Carhart was the plaintiff in two late-term abortion cases that went to the Supreme Court and he was one of the late-term abortionists lauded at the Sundance Film Festival screening of the documentary, After Tiller. He moved to Germantown after state pro-life legislation forced him to shut down his facility, the Abortion and Contraception Clinic of Nebraska.
Carhart also conducted other irregularities and illegalities. In his application to practice medicine in Maryland, he provided a different name for his former abortuary in Bellevue, Nebraska and omitted listing his work at other abortion facilities. In November 2012, the MDCFL filed a complaint over the illegal dumping of medical and biohazardous waste, as well as medical records, occurring at the GHRC; only on Feb.12 did the Environmental Crimes Unit of the Maryland Attorney General’s Office tell MDCFL that it would be investigating. As well, pro-life nurse and blogger Jill Stanek reported that pro-lifers found documents Carhart gave his patients that advised them to call and go to the abortion facility instead of the ER in case of an emergency.
The media has been largely silent about the death of Morbelli. Petula Dvorak of the Washington Post, though, used it as an opportunity to attack pro-lifers for violating the victim’s privacy. She was outraged that pro-life groups, including Operation Rescue and Maryland Coalition for Life, revealed information about Morbelli’s death that they received from an anonymous source. “The protesters are exploiting this woman’s death and making other women think that their privacy is never truly protected when they seek an abortion,” she wrote. But pro-lifers disagree. “Secrecy acts to protect abortionists and shield them from accountability. This only creates conditions where incompetent abortionists can kill again,” commented Cheryl Sullenger, senior policy advisor for Operation Rescue, to LifeSiteNews.

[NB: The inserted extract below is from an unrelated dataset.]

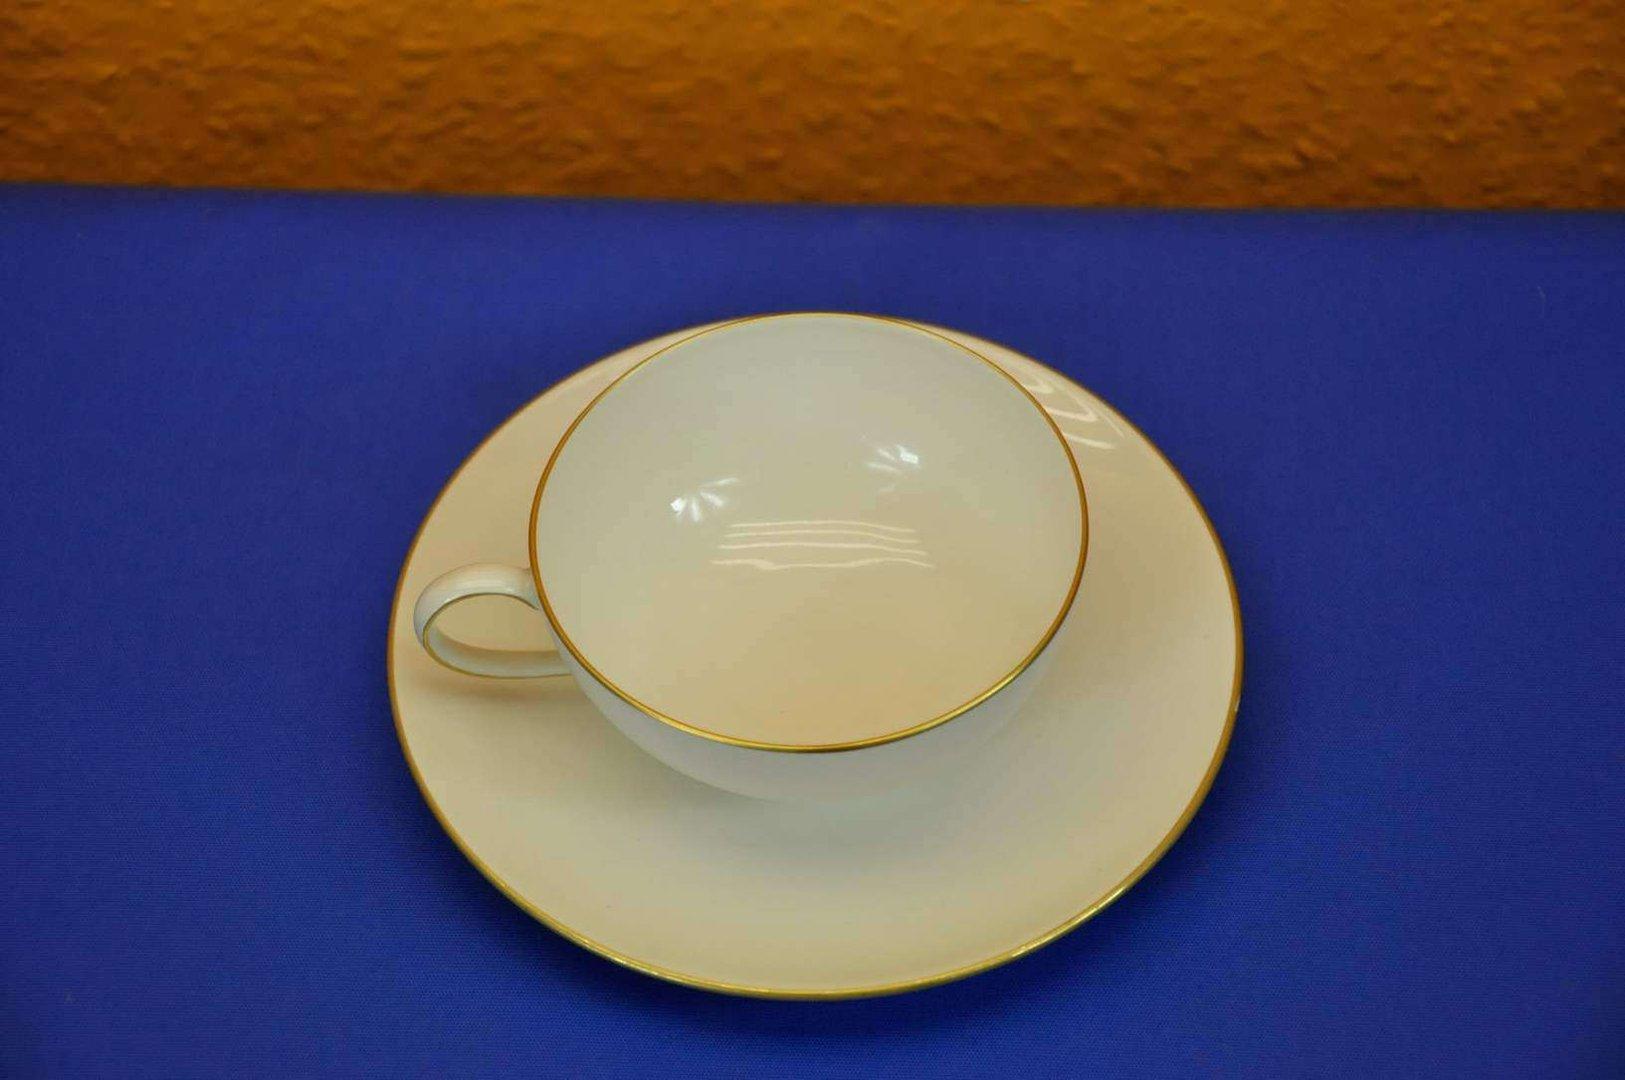 ... KPM Berlin tea cup Bauhaus Trude Petri cream gold edge ... & KPM Berlin tea cup Bauhaus Trude Petri cream gold edge - KuSeRa

There have already been multiple abortion-related emergencies in this year alone. On March 4, Operation Rescue published two 911 recordings due to abortion complications at Planned Parenthood facilities in Wilmington, Delaware on Feb. 8 and 16 for separate incidents. The patients had to be transported to the hospital: one was unconscious and not breathing sufficiently, while the other had heavy bleeding. On March 5, an ambulance took another patient, this time from Planned Parenthood’s Stapleton facility in Denver, to the hospital. Two medical emergencies also happened at Southwestern Women’s Options late-term abortion facility in Albuquerque, New Mexico on Feb. 7 and March 1 as a result of abortions conducted by Tiller associates. The latest CDC statistics indicate that in 2008, 12 women died because of induced abortion-related complications.